Step 2: Create a new dataframe which contains the aggregate for each decade. One way to do that:

  1. Create a list of all years in decades 80's, 90's, and 00's.
  2. Slice the original dataframe df_can to create a series for each decade and sum across all years for each country.
  3. Merge the three series into a new data frame.
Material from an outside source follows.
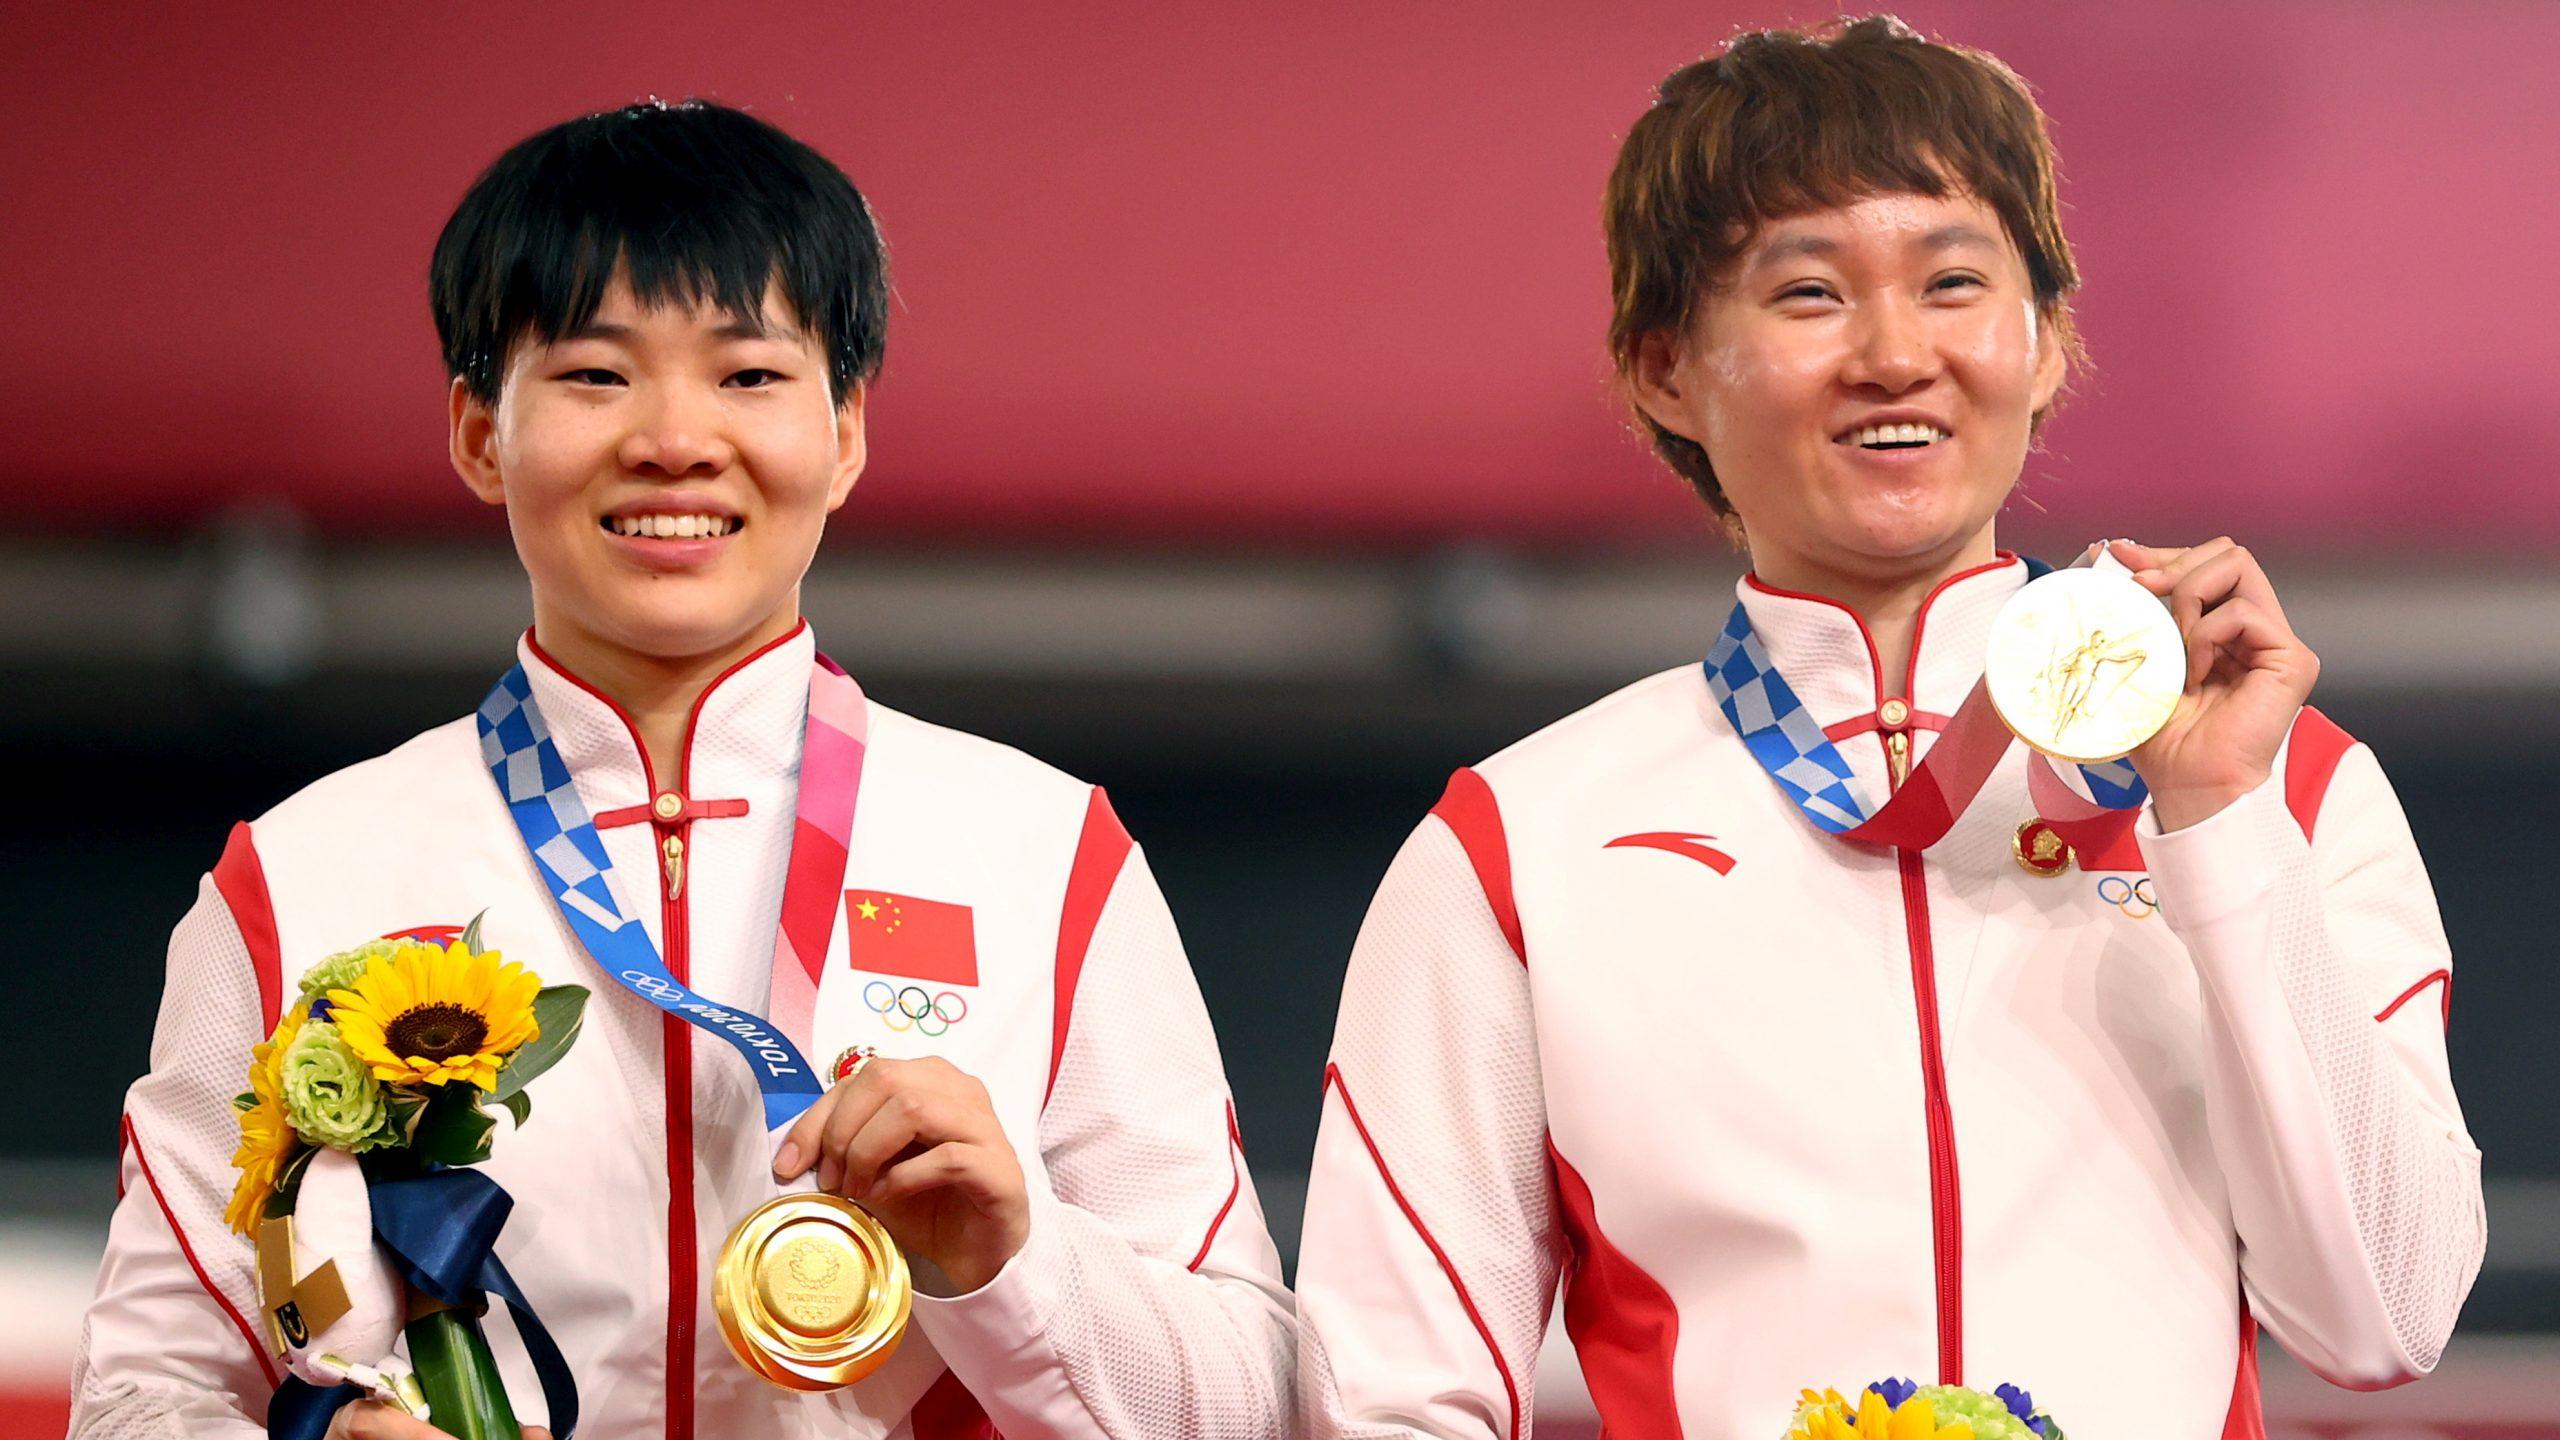 Diário Olímpico da Pista I – Primeiro Ouro para a dupla feminina Chinesa de Sprint! Dia de bater vários recordes!

Call your dataframe new_df.
# create a list of all years in decades 80's, 90's, and 00's
years_80s = list(map(str, range(1980, 1990))) 
years_90s = list(map(str, range(1990, 2000))) 
years_00s = list(map(str, range(2000, 2010))) 

# slice the original dataframe df_can to create a series for each decade
df_80s = df_top15.loc[:, years_80s].sum(axis=1) 
df_90s = df_top15.loc[:, years_90s].sum(axis=1) 
df_00s = df_top15.loc[:, years_00s].sum(axis=1)

# merge the three series into a new data frame
new_df = pd.DataFrame({'1980s': df_80s, '1990s': df_90s, '2000s':df_00s}) 

# display dataframe
new_df.head()
1980s 1990s 2000s
Country
India 82154 180395 303591
China 32003 161528 340385
United Kingdom of Great Britain and Northern Ireland 179171 261966 83413
Philippines 60764 138482 172904
Pakistan 10591 65302 127598

Let's learn more about the statistics associated with the dataframe using the describe() method.

new_df.describe()
1980s 1990s 2000s
count 15.000000 15.000000 15.000000
mean 44418.333333 85594.666667 97471.533333
std 44190.676455 68237.560246 100583.204205
min 7613.000000 30028.000000 13629.000000
25% 16698.000000 39259.000000 36101.500000
50% 30638.000000 56915.000000 65794.000000
75% 59183.000000 104451.500000 105505.500000
max 179171.000000 261966.000000 340385.000000

Step 3: Plot the box plots.

new_df.plot(kind='box', figsize=(10, 6))

plt.title('Immigration from top 15 countries for decades 80s, 90s and 2000s')

plt.show()

Note how the box plot differs from the summary table created. The box plot scans the data and identifies the outliers. In order to be an outlier, the data value must be:

  • larger than Q3 by at least 1.5 times the interquartile range (IQR), or,
  • smaller than Q1 by at least 1.5 times the IQR.

Let's look at decade 2000s as an example:

  • Q1 (25%) = 36,101.5
  • Q3 (75%) = 105,505.5
  • IQR = Q3 - Q1 = 69,404

Using the definition of outlier, any value that is greater than Q3 by 1.5 times IQR will be flagged as outlier.

Outlier > 105,505.5 + (1.5 * 69,404)
Outlier > 209,611.5

# let's check how many entries fall above the outlier threshold 
new_df[new_df['2000s']> 209611.5]
1980s 1990s 2000s
Country
India 82154 180395 303591
China 32003 161528 340385

China and India are both considered as outliers since their population for the decade exceeds 209,611.5.

The box plot is an advanced visualizaiton tool, and there are many options and customizations that exceed the scope of this lab. Please refer to Matplotlib documentation on box plots for more information.

Scatter Plots

A scatter plot (2D) is a useful method of comparing variables against each other. Scatter plots look similar to line plots in that they both map independent and dependent variables on a 2D graph. While the datapoints are connected together by a line in a line plot, they are not connected in a scatter plot. The data in a scatter plot is considered to express a trend. With further analysis using tools like regression, we can mathematically calculate this relationship and use it to predict trends outside the dataset.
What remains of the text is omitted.